Kuwaiti Monira Al Qadiri’s family of bulbous black W.A.B.A.R. sculptures manage to stand out yet fit in, their alien bodies in contrast to the dune on which they sit, somehow not out of place, perhaps because they look like drops of oil. They’re scaled-up versions of real mini meteorite fragments found in the desert that people imagined were charred pearls from a burned city. ‘I wanted to use a permanent material like bronze so maybe people would find them buried in the future and be like, “What is this?”’ she explains.
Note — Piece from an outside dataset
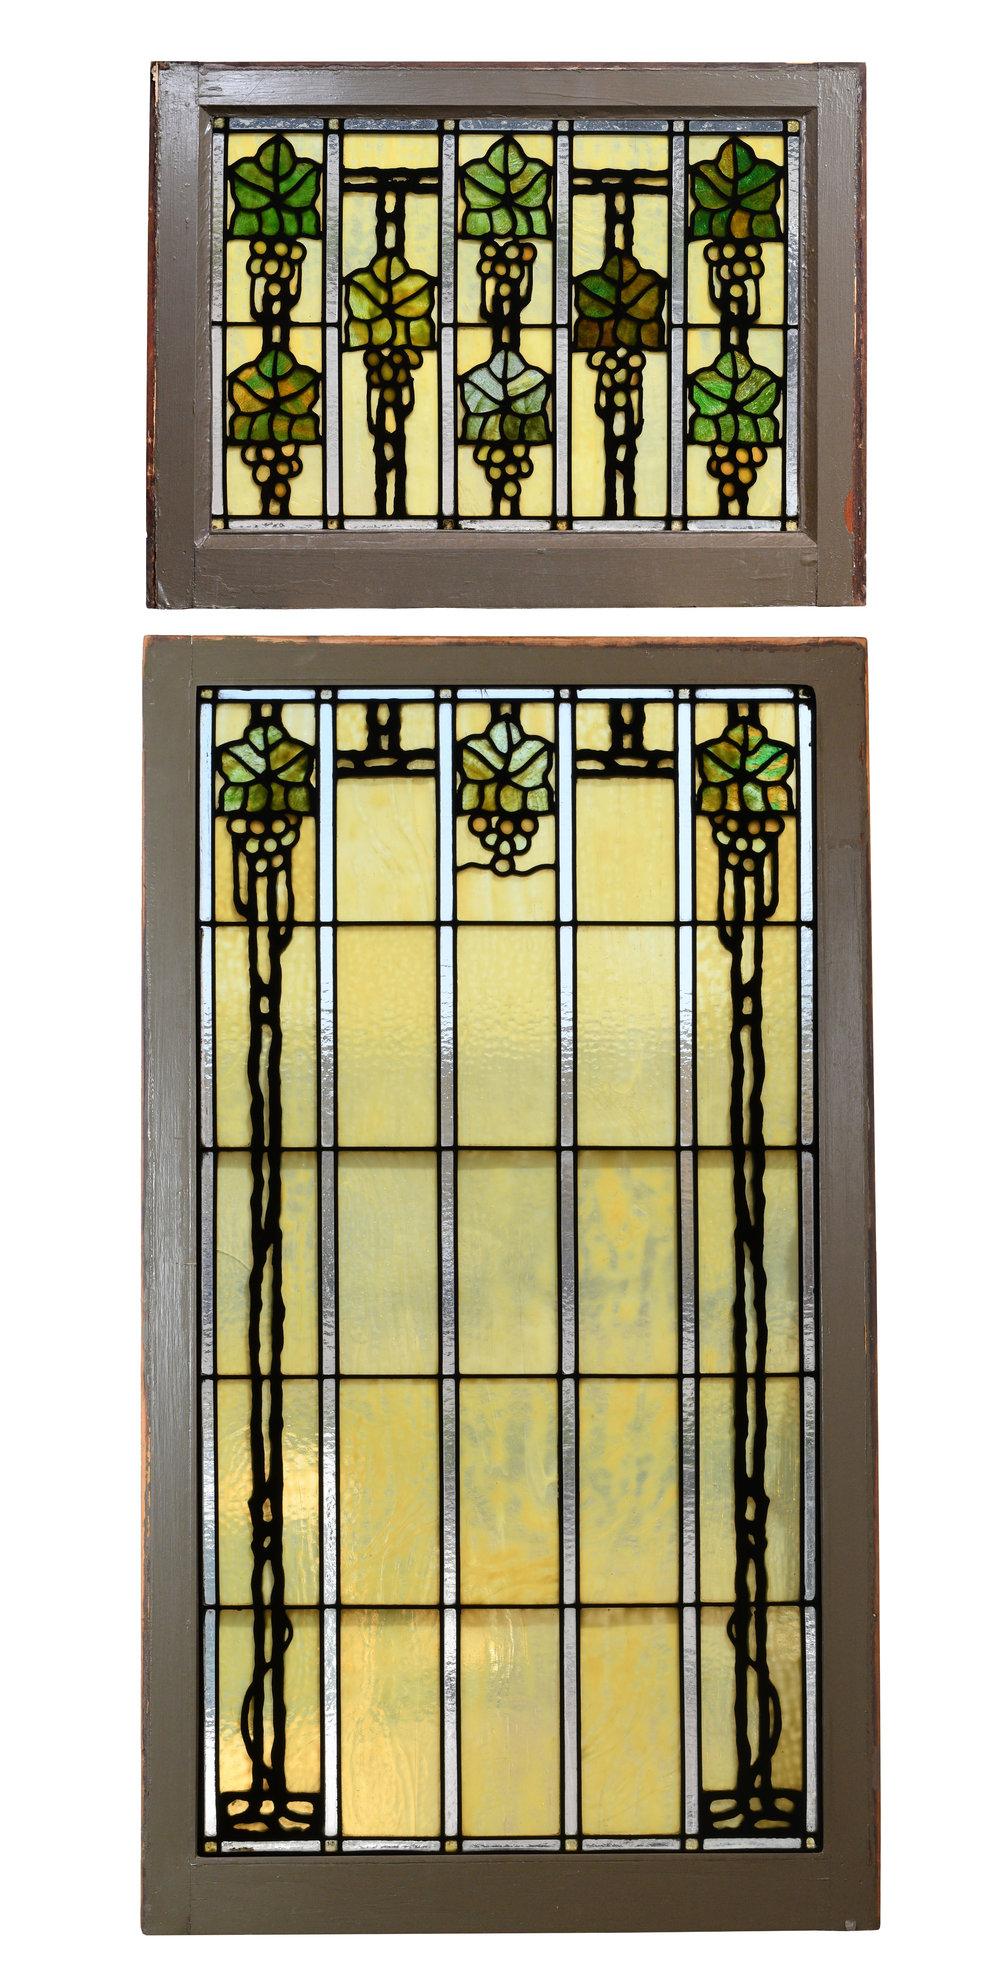 47809-bradstreet-grape-leaves-full-view-painted-side.jpg

It’s a work about the power of the human imagination, but also about how reality can surpass our wildest fantasies, in that even more exotic than the idea of burned pearls, the tiny black rocks had actually fallen from outer space. ‘I like to seize any opportunity to make public art in the Gulf as we’ve had a long-term problem with that,’ says Al Qadiri, sharing a view held by many in the region’s artistic community. ‘Saudi is exciting now as it’s on the precipice of real change,’ she adds. ‘I don’t know what’s going to happen but I wanted to create something that will outlast any policy changes.’
While Saudi pursues its arts masterplan with the kind of gusto only made possible by its rocket-fuel cocktail of enthusiasm, ambition and eye-wateringly deep funds, this largest economy in the Middle East has the benefit of learning from the trials of its smaller, faster Gulf neighbours. By following the regional mode of drawing on Euro-American experience in the business of culture but applying it to the nation’s specific characteristics of outstanding natural beauty and underemphasised ancient heritage, it has an opportunity to be guided by today’s concerns around sustainable development. The Prince of AlUla is the Saudi Minister of Culture and placemaking AlUla is a keystone in national arts strategy.
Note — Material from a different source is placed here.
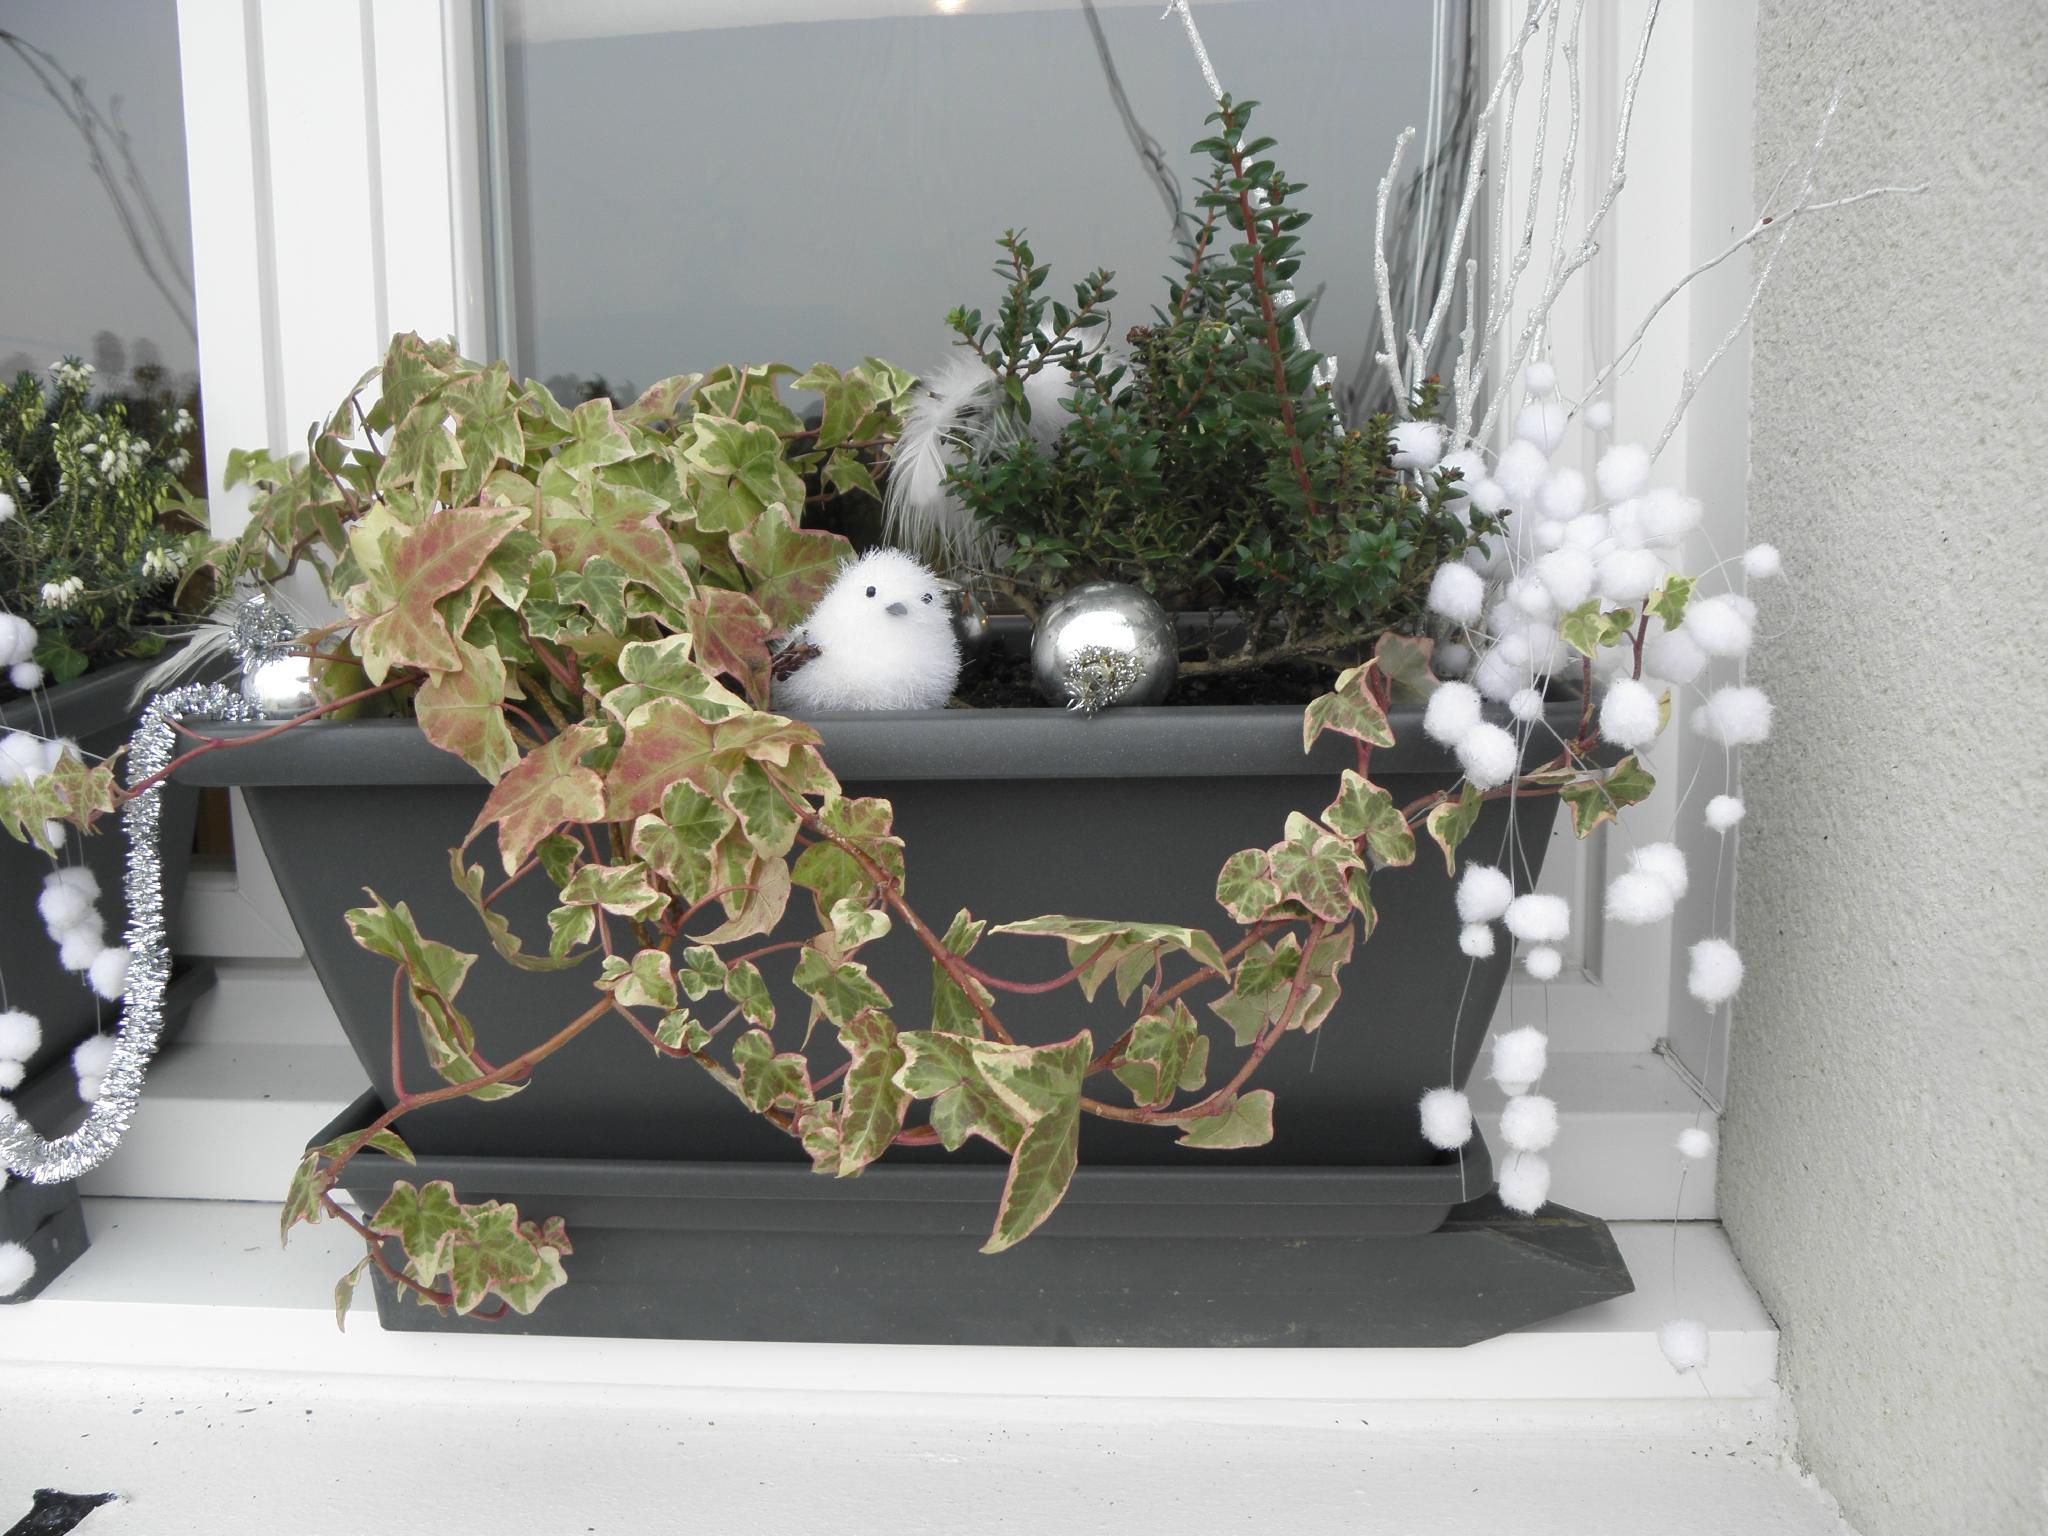 decoration jardiniere exterieure l 39 atelier des fleurs. Black Bedroom Furniture Sets. Home Design Ideas

Psychologically uplifting and physically challenging, Desert X AlUla 2024 does what being in the desert does best: re-instils appropriate reverence for nature’s grandeur. The timeless human urge to make a mark in such a context while also wanting to honour the environment is land art’s core conundrum, played out in all its micro-drama through every festival artwork.
The most moving of all the commissions is an untitled performance choreographed by British-born artist of German-Indian descent Tino Sehgal. Connecting powerfully with the live experience of the visitor, three performers move animalistically across a slope of fractured shards, harmonising haunting ‘Om’ vocals as they unfurl and approach you. They are strange yet they are you, and vulnerable to the elements; the phenomenology of being human is felt intensely. To preserve its ephemerality, the artist requests his work not be recorded, so witnessing its magic requires making the pilgrimage.